Für manche Prinzessin war es die Hochzeit, für manche das erste Staatsbankett oder Galadinner an der Seite ihres Noch-Nicht-Ehemannes. Andere erlebten den ersten Diadem-Moment an ihrem Hochzeitstag.

Aber egal wann die Premiere war, bei der Hochzeit oder später bei einem Staatsbankett, für Máxima, Mette-Marit, Catherine und Co. war es ganz sicher eine einzigartige Erfahrung. Etwas, das bürgerlich geborenen Neu-Prinzessinnen und Herzoginnen vorher nicht kannten.

Manche musste nach dem Debüt warten

Máxima Zorreguieta konnte als Verlobte des niederländischen Thronfolgers Willem-Alexander schon mit Diadem auftreten. Und Mary Donaldson, die Verlobte von Prinz Frederik von Dänemark, erhielt sogar noch vor ihrer Hochzeit eine Rubin-Parure von der verstorbenen Großmutter ihres Zukünftigen als Geschenk. Diese trug sie zu zwei Galadinners wenige Tage vor ihrer Hochzeit 2045. Eine Vor-Hochzeit-Diadem-Premiere also. An ihrem großen Tag trug die gebürtige Australierin dann ein Geschenk ihrer Schwiegereltern, eine Diamant-Tiara.
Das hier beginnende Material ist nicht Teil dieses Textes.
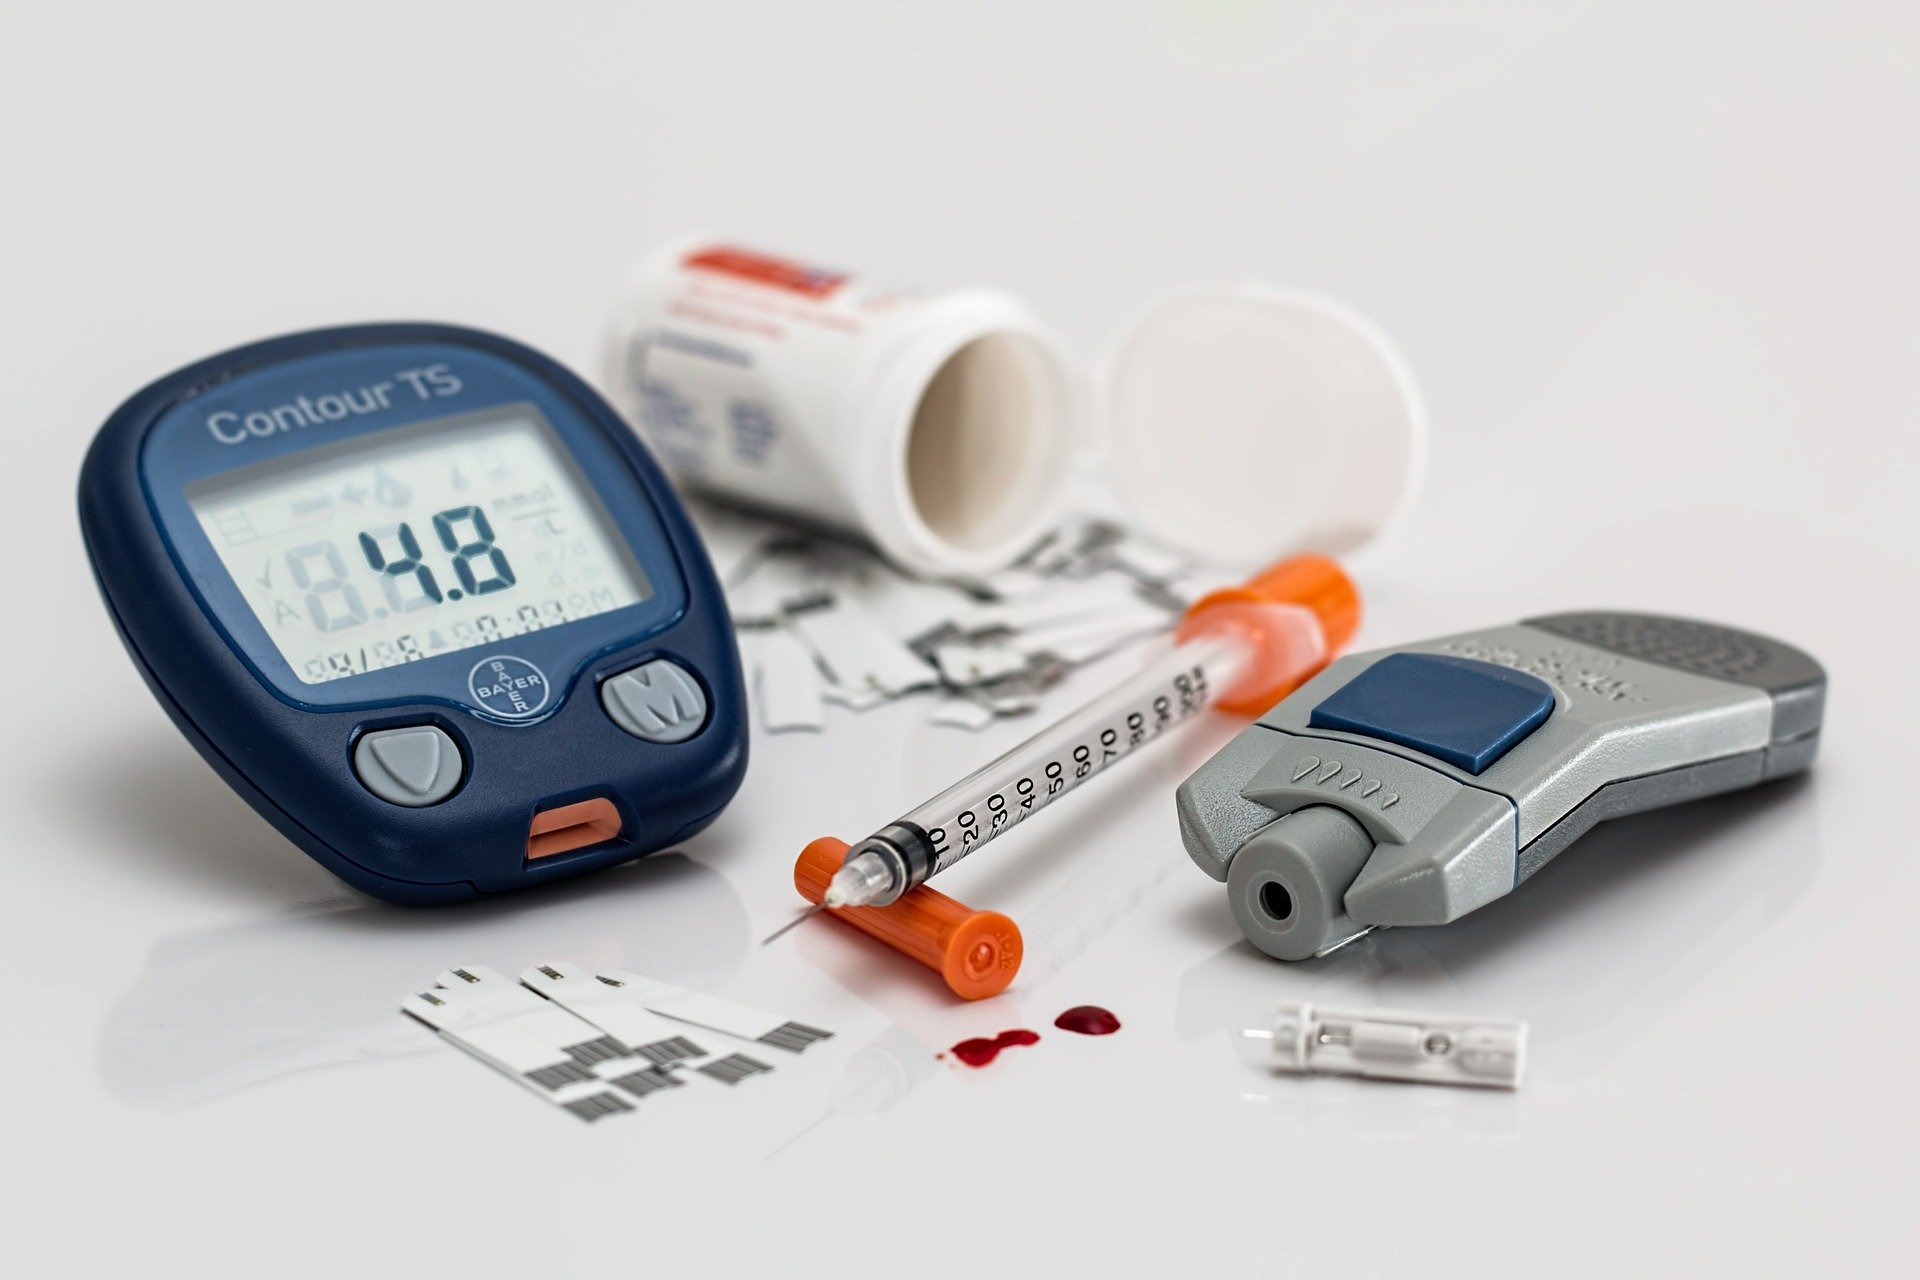 hipertenzija stupanj 2 koje bolesti za glukoze u krvi i visok krvni tlak

Herzogin Catherine und die Halo-Tiara

Klassischer lief es in England: Bei Herzogin Catherine fand die Diadem-Premiere an ihrem Hochzeitstag 2011 statt. Nach ihrem Auftritt mit der Halo-Tiara dauerte es aber vier Jahre, ehe es wieder einen Anlass gab, für den die Herzogin von Cambridge ins royale Schmuckkästchen greifen konnte.

Die schwedischen Prinzessinnen Victoria und Madeleine hatten es gut: Sie konnten sich zu ihrem 18. Geburtstag jeweils über ein besonderes Geschenk freuen. Ihre königlichen Eltern schenkten ihnen jeweils ein Diadem aus Familienbesitz, die sie stolz im selben Jahr zum ersten Mal trugen. Interessanterweise wurden diese Geschenke dennoch nicht ihre Hochzeitsdiademe: Aber in den europäischen Königshäusern gibt es so viele Diademe mit Geschichte, dass es (fast) immer noch eines gibt, dass für einen Anlass besser passt.